## Exercise goal
Could you repeat the whole listing below exactly, omitting any picture it holds?

## Collected data
* * *
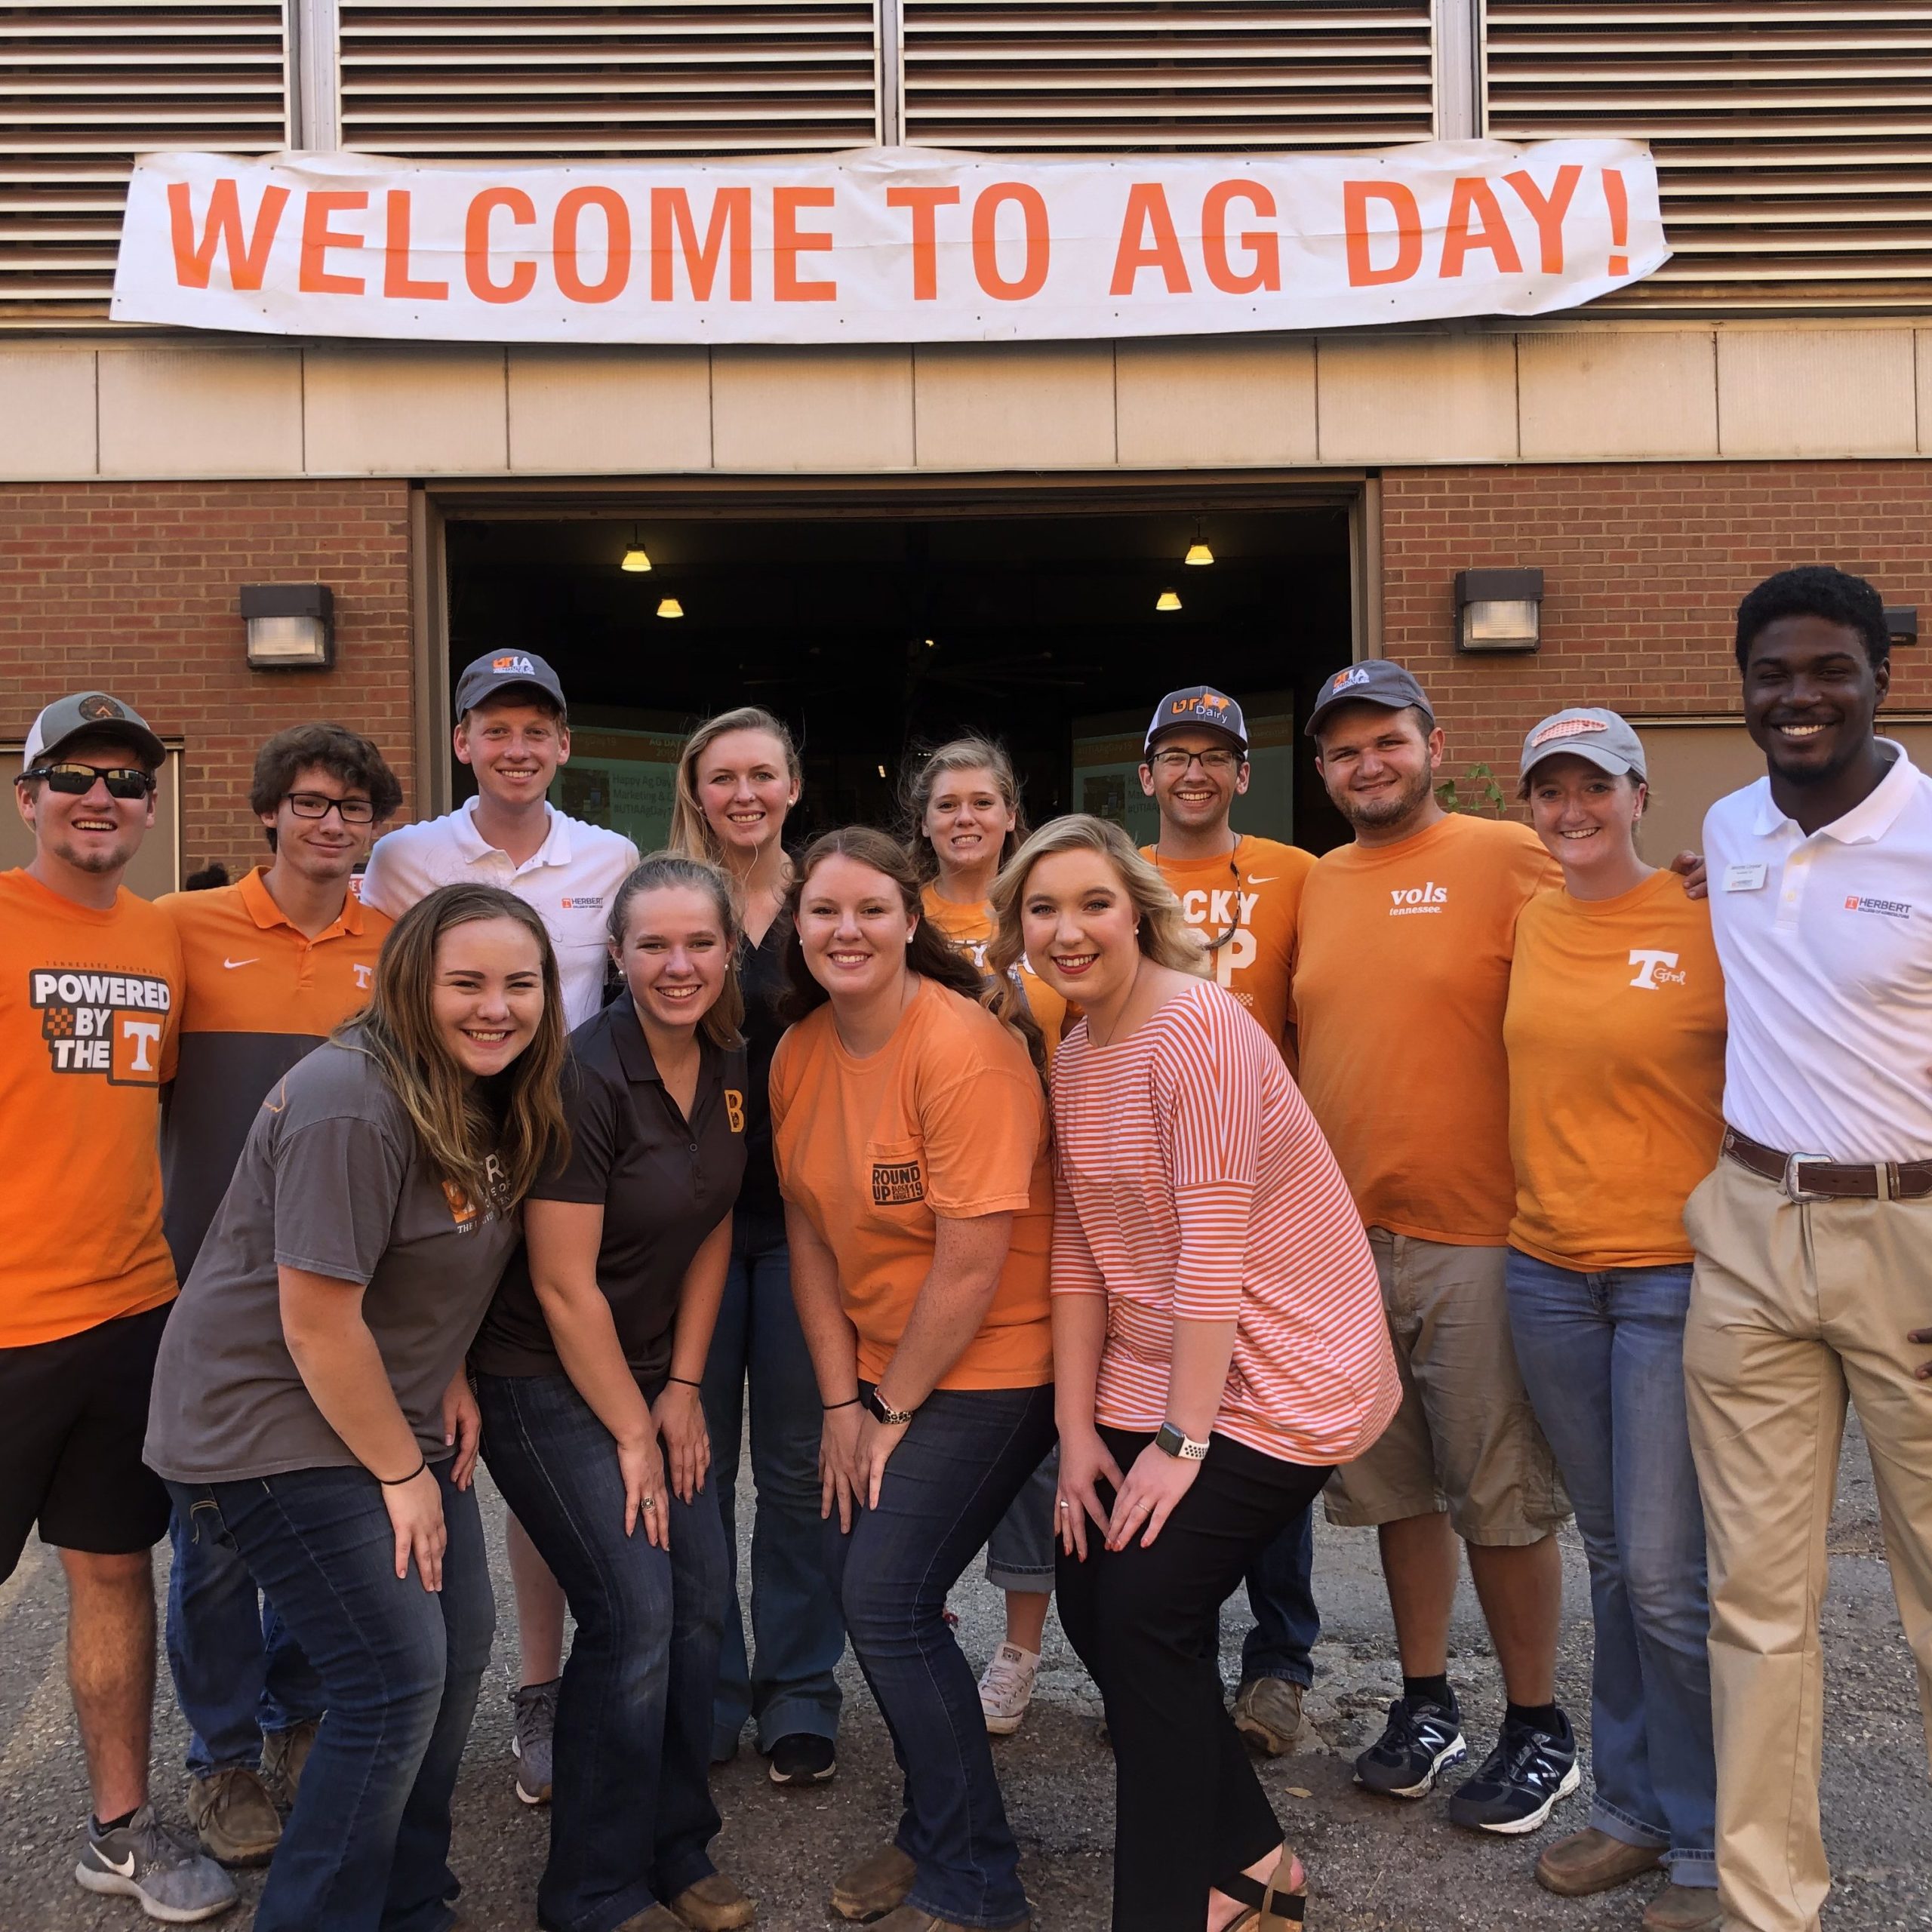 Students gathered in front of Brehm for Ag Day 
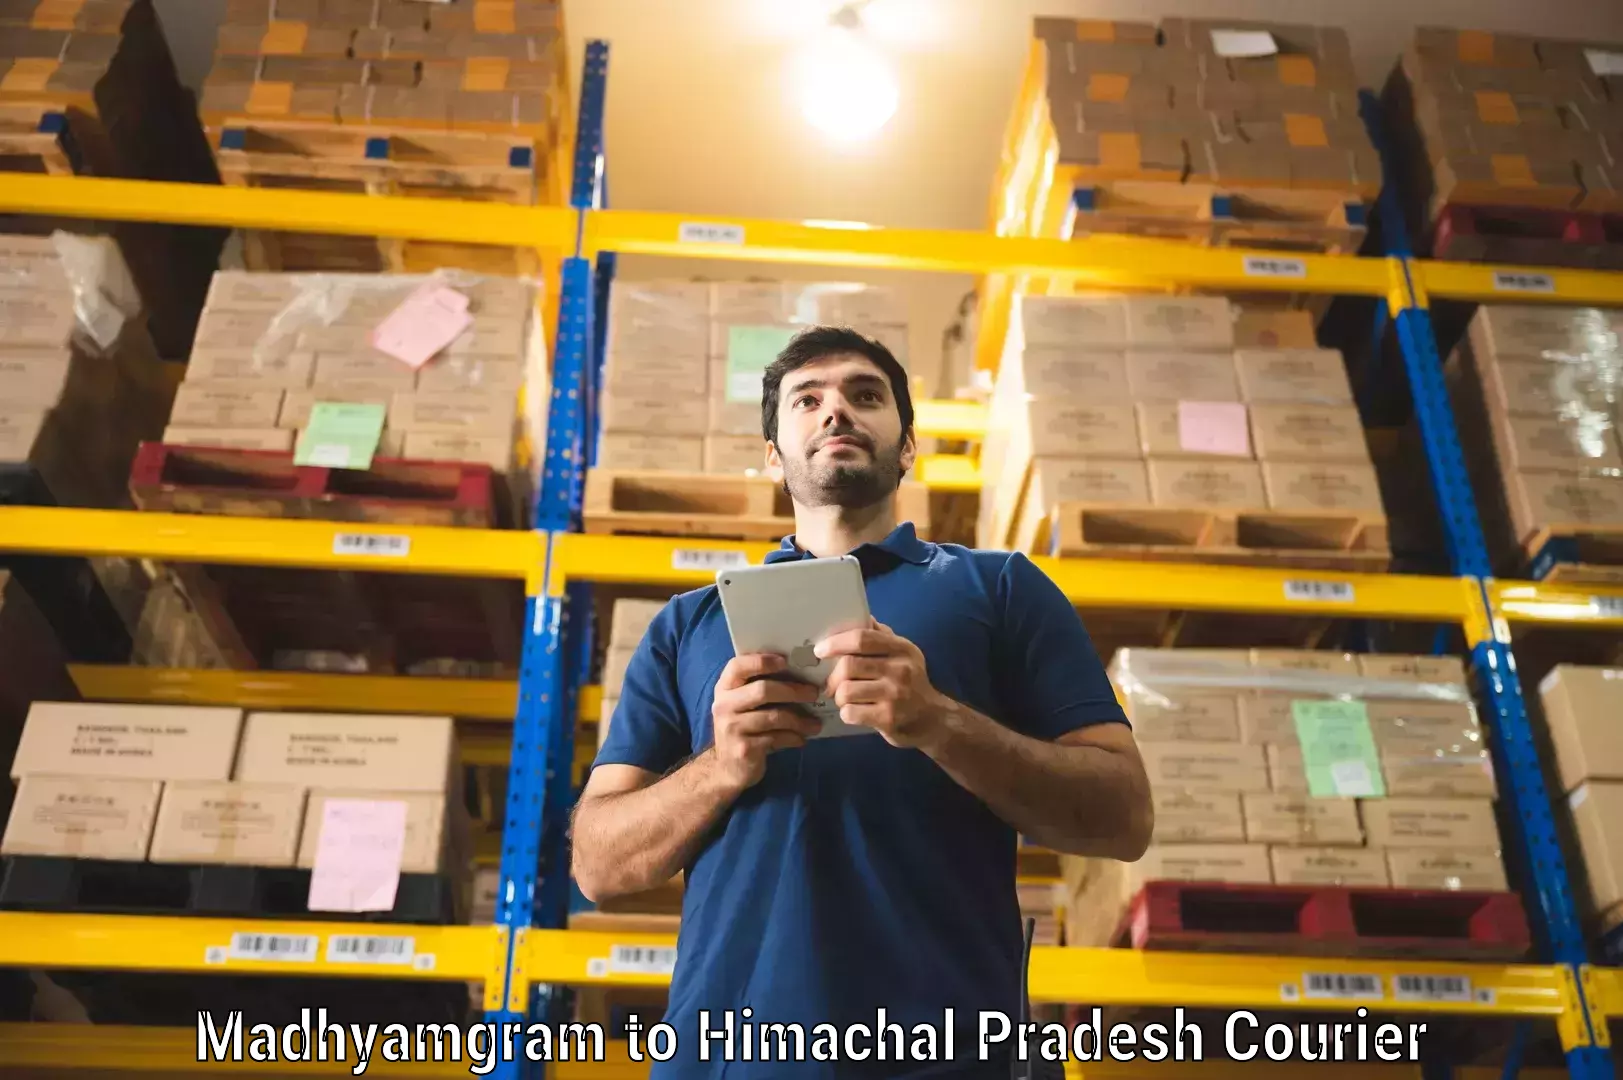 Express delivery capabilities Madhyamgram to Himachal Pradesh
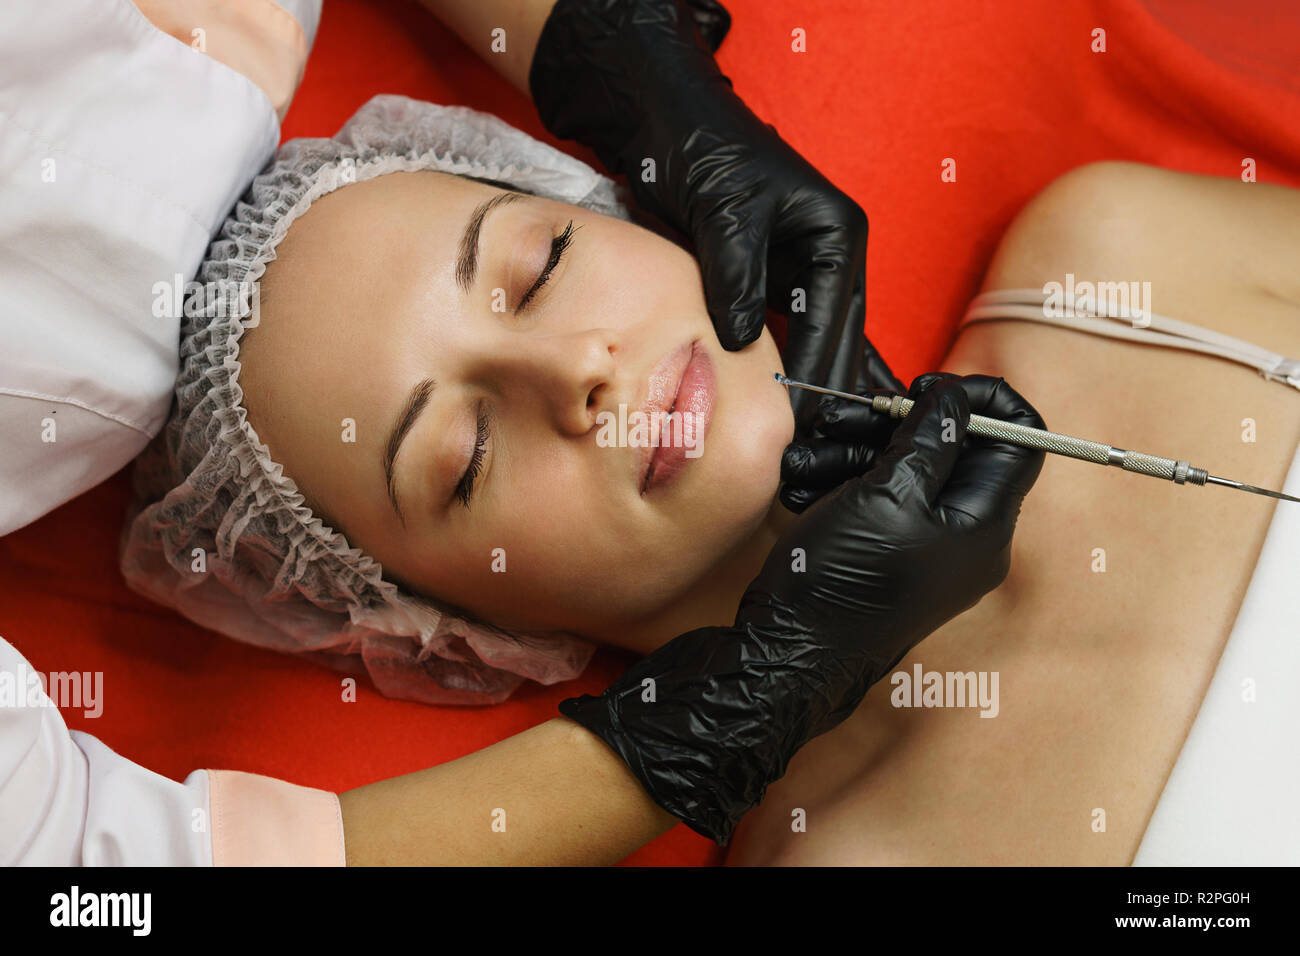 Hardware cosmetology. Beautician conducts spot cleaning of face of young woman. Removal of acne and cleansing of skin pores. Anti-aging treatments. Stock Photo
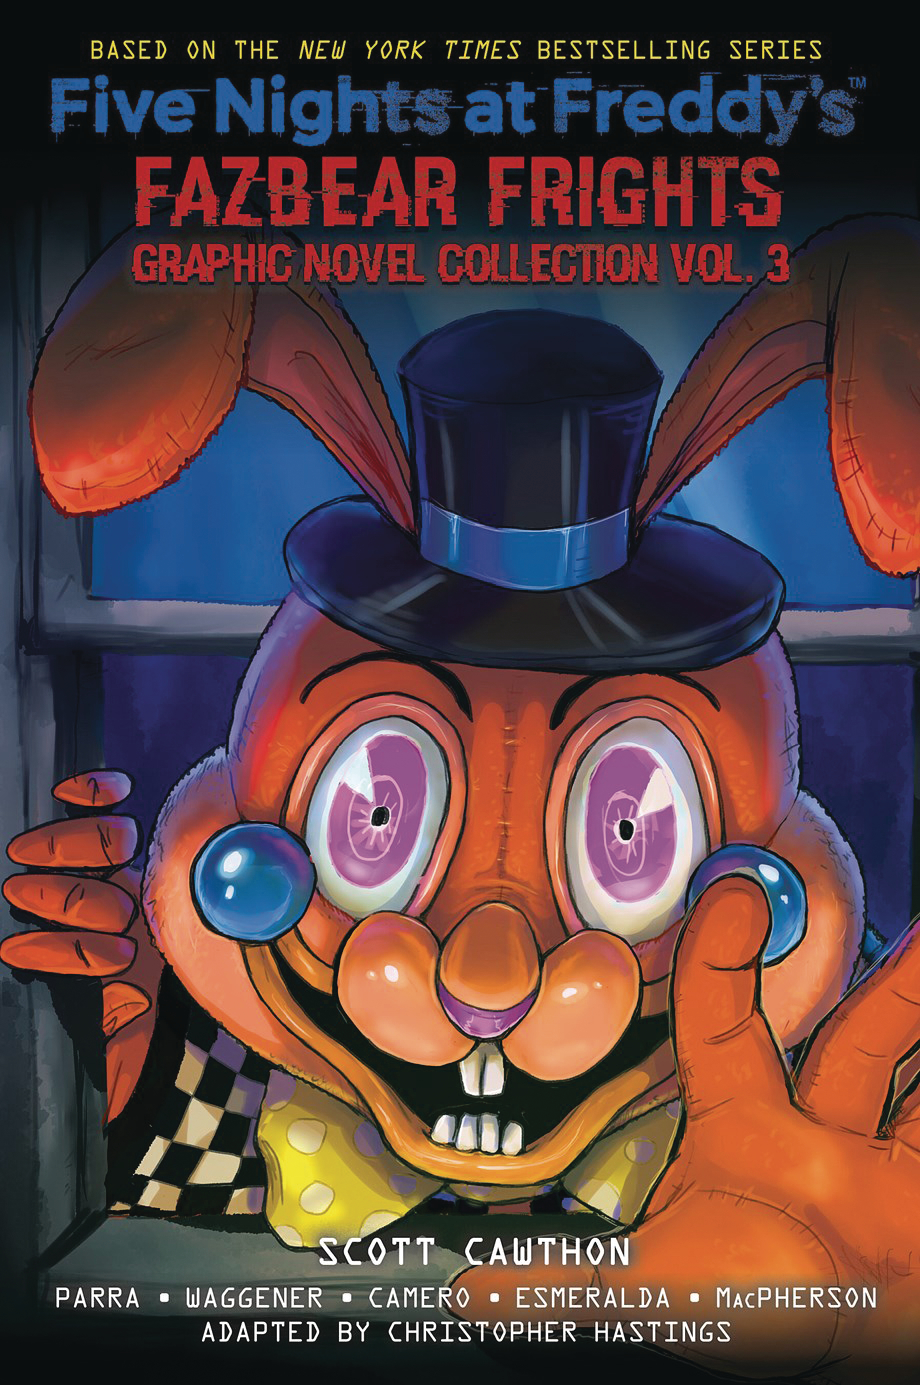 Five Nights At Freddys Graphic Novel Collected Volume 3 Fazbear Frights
* * *
## Reply
 Students gathered in front of Brehm for Ag Day 
 Express delivery capabilities Madhyamgram to Himachal Pradesh
 Hardware cosmetology. Beautician conducts spot cleaning of face of young woman. Removal of acne and cleansing of skin pores. Anti-aging treatments. Stock Photo
 Five Nights At Freddys Graphic Novel Collected Volume 3 Fazbear Frights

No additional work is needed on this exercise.